So they can be quite happily used as guides for rebuilding.
Please note, that for difficult cases approaches such as described for application
#4 might work better even when starting from a molecular replacement solution.
- 2.
- Improvement of MIR(AS) phases
ARP/wARP can be used to build a protein-like model consisting of a set of
non-connected atoms (free atoms model) into a MIR map.
This model is then refined as described above for #1.
- 3.
- Averaging of multiple refinements
ARP/wARP can be used to prepare models and command scripts for several independent
refinement runs as described for #1 and #2. The results are then processed in such
a way that each reflection is given a weighted average phase,
alphawARP, and a figure of merit, FOMwARP.
The results, especially for modest resolution, are better compared to a single
ARP/wARP refinement. The (F_o, alphawARP, FOMwARP)

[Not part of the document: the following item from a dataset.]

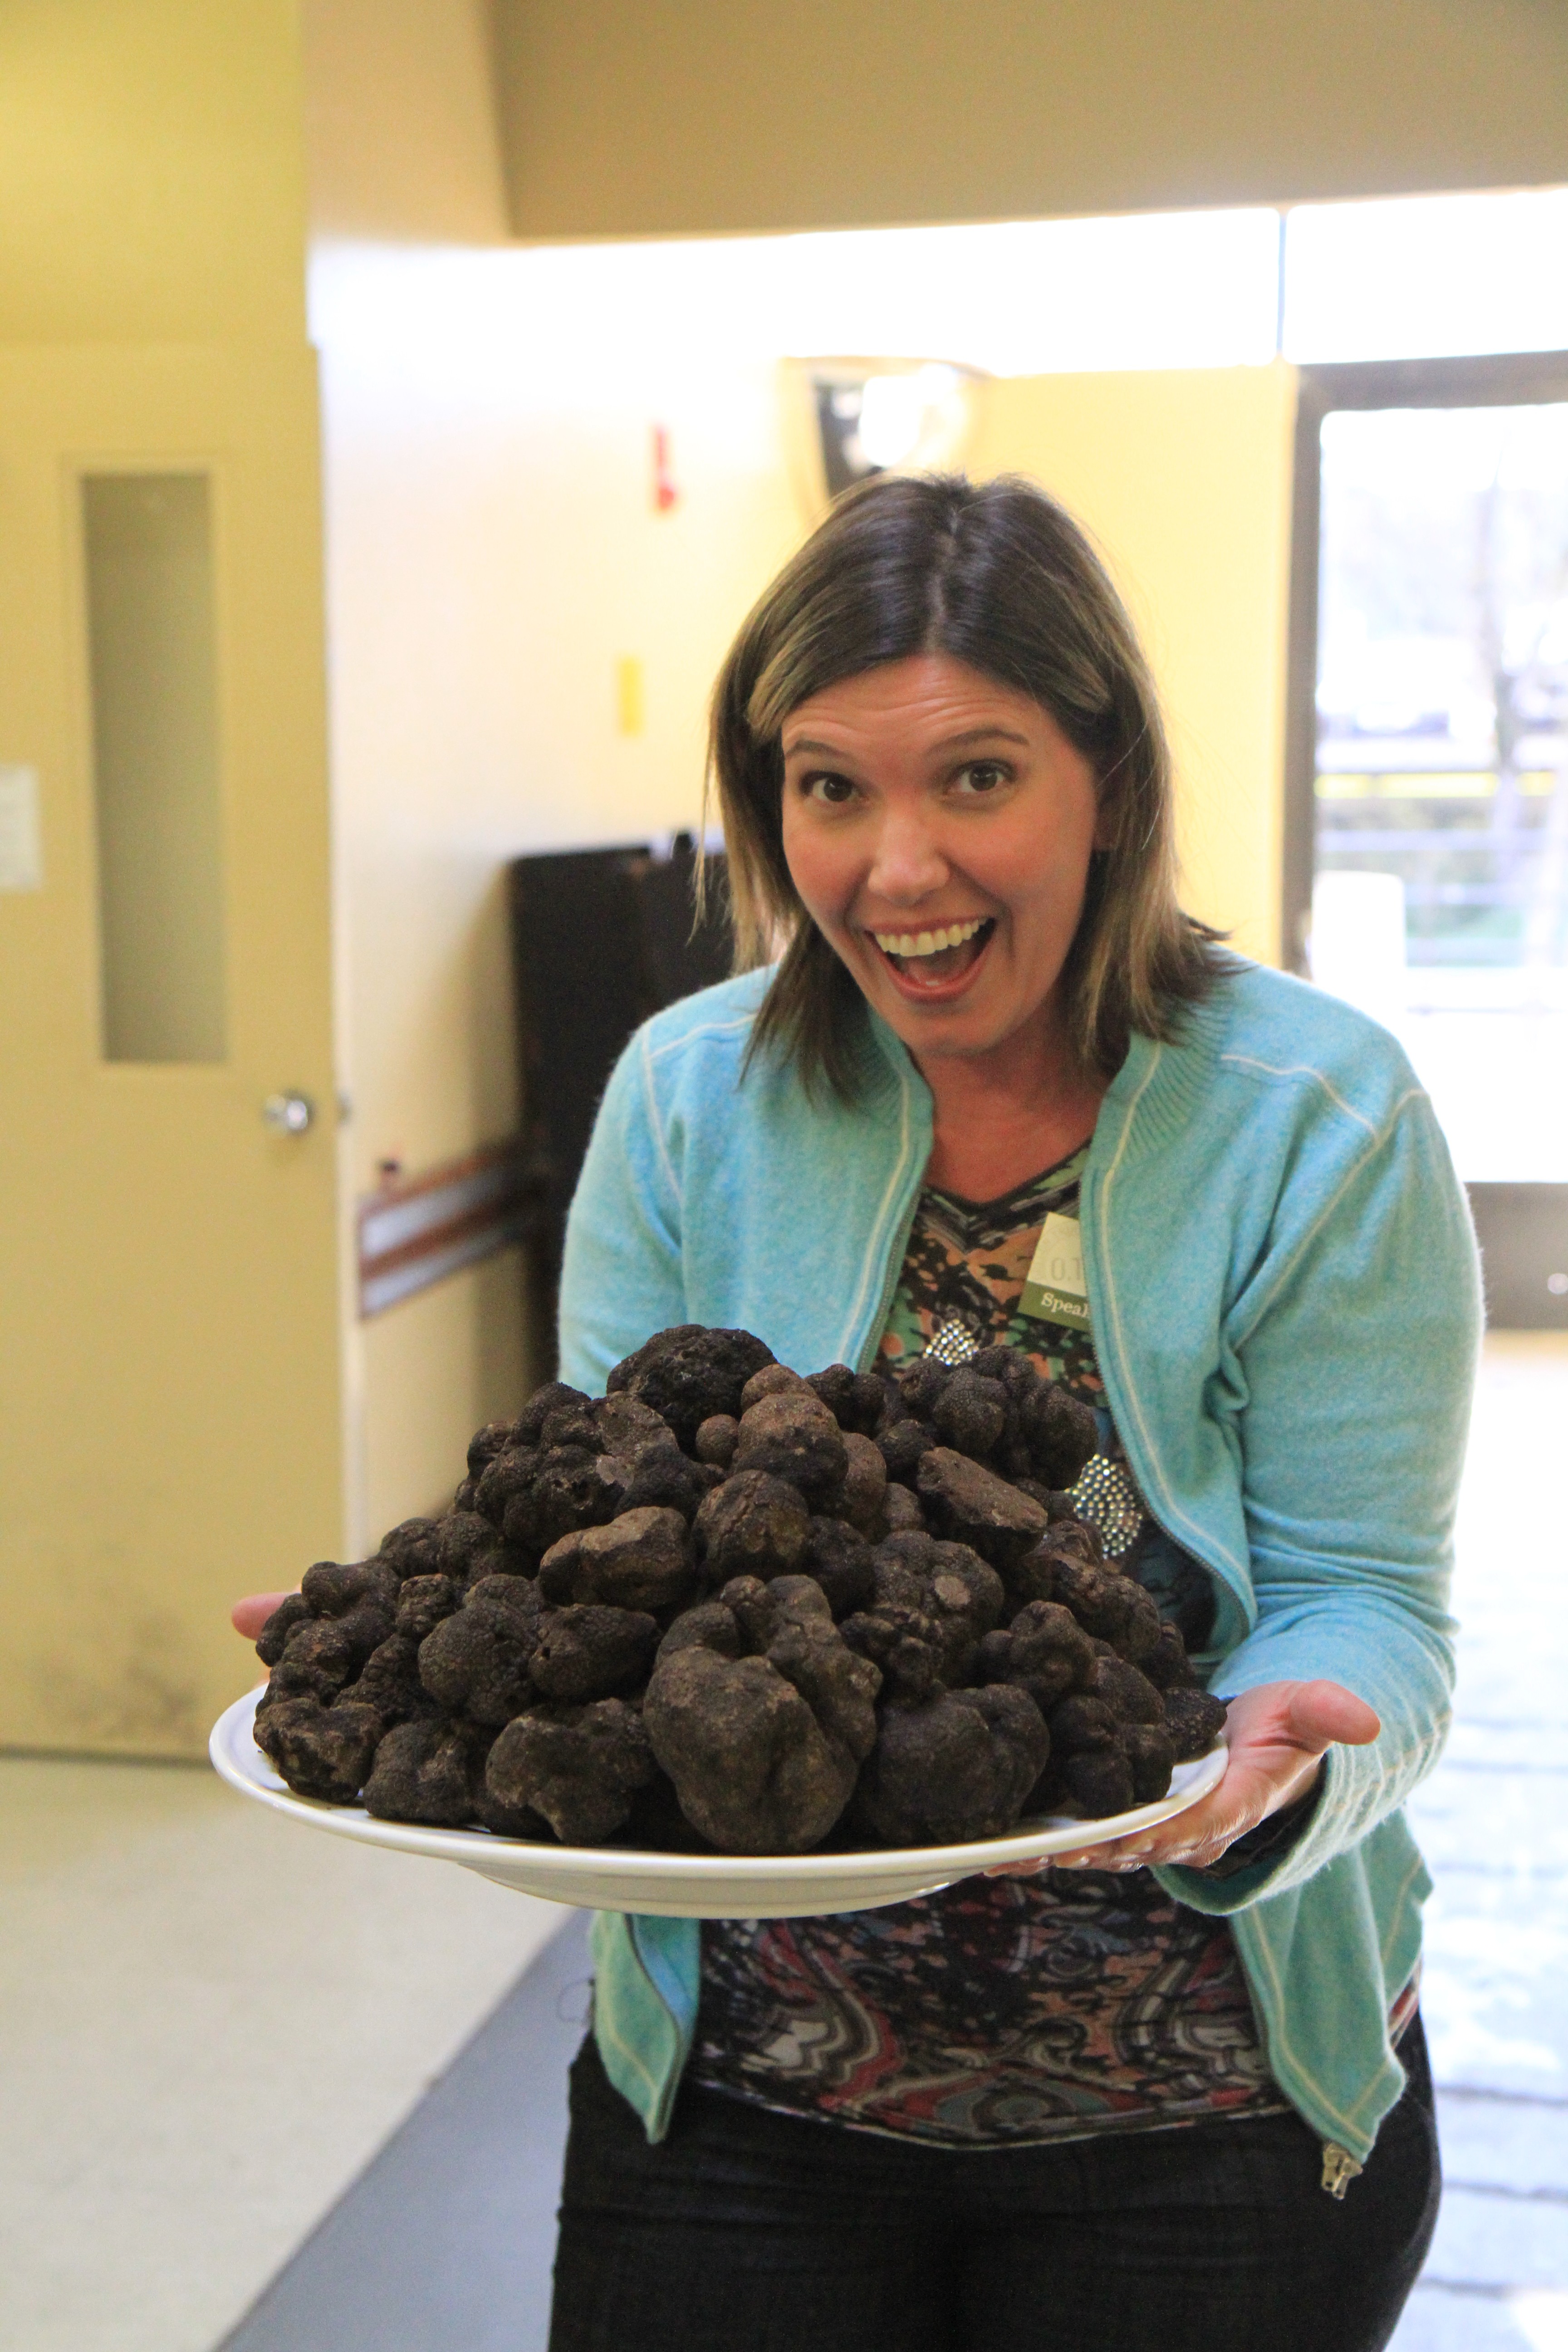 yours truly holding 17 pounds of French perigord truffles- $1100/pound. Do the math.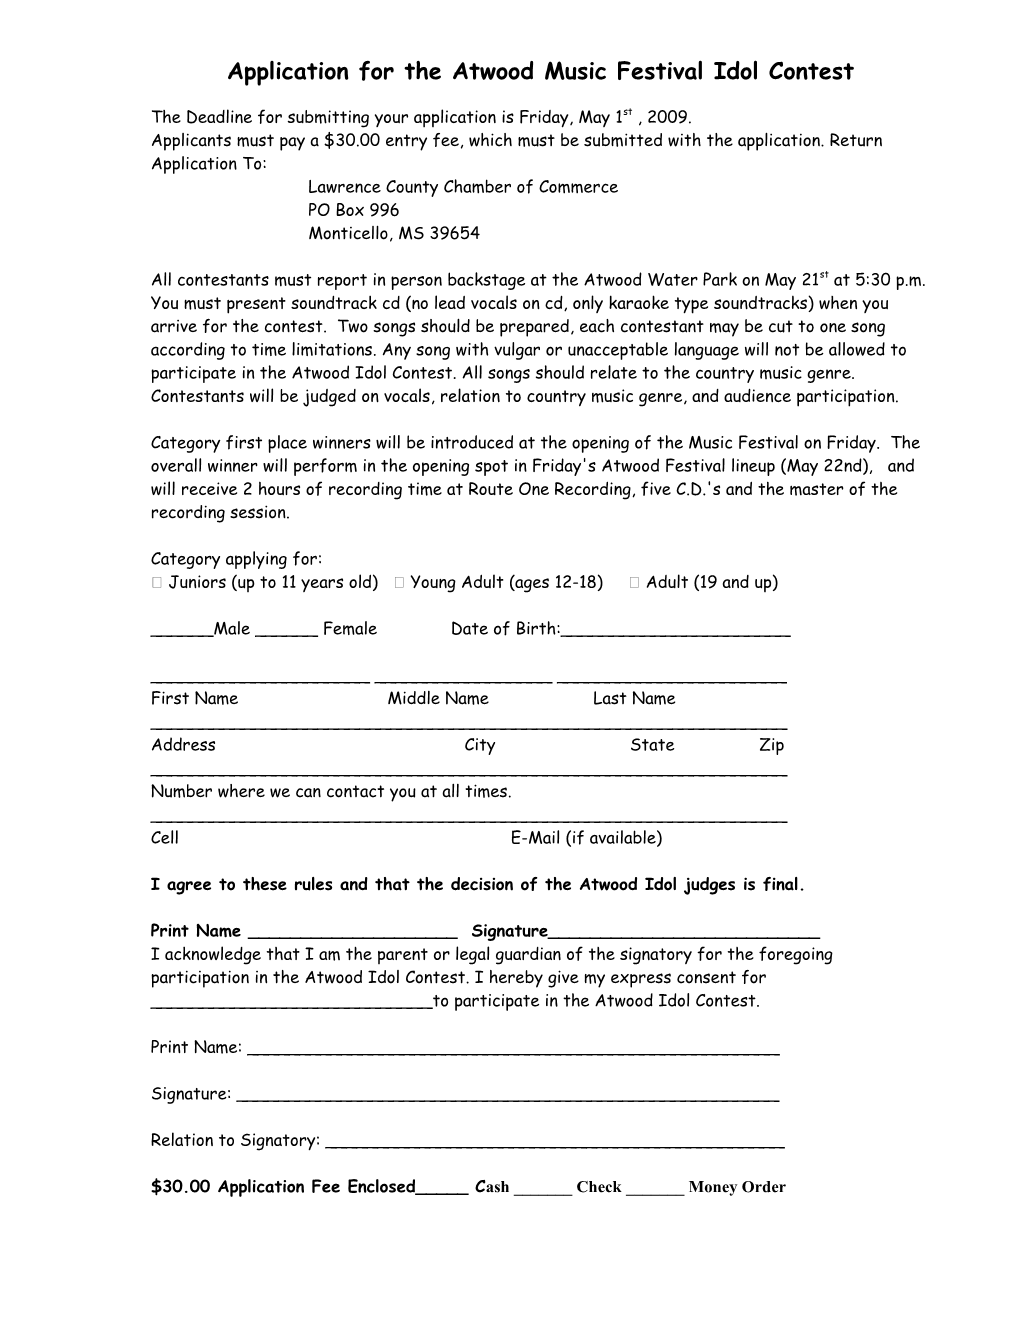 Application for the Atwood Music Festival Idol Contest

map is then calculated and should be inspected. Resolution of the data should be
2.3 Å or higher.
- 4.
- Automatic tracing of the density map and model building
This is not available as part of the CCP4 distribution of ARP/wARP. Please
visit the ARP/wARP homepage at
http://www.arp-warp.org to obtain
the full distribution from the authors.
- 5.
- Building of the solvent structure
If the initial model is more or less correct, i.e. an R factor of about 30 % or less,
and essentially only the solvent needs to be improved, restrained (standard) reciprocal
space refinement is carried out with ARP/wARP performing automatic adjustment of the
solvent structure. Resolution of the data should be 2.5 Å or higher.
The output is the protein model with the solvent molecules transformed with symmetry
operations to lie close around the protein. The (3F_o-2F_c / 2mF_o-DF_c, alpha_c)
and (F_o-F_c / 2mF_o-DF_c, alpha_c) maps should be inspected.
- 6.
- Ab initio structure determination for metalloproteins
ARP/wARP was successfully applied to the small, 52 amino acid protein rubredoxin.
This structure could be solved ab initio.
The success was clearly due to the the presence of the FeS4 cluster in the
protein.
The positions as derived from the Patterson synthesis were used as a starting model.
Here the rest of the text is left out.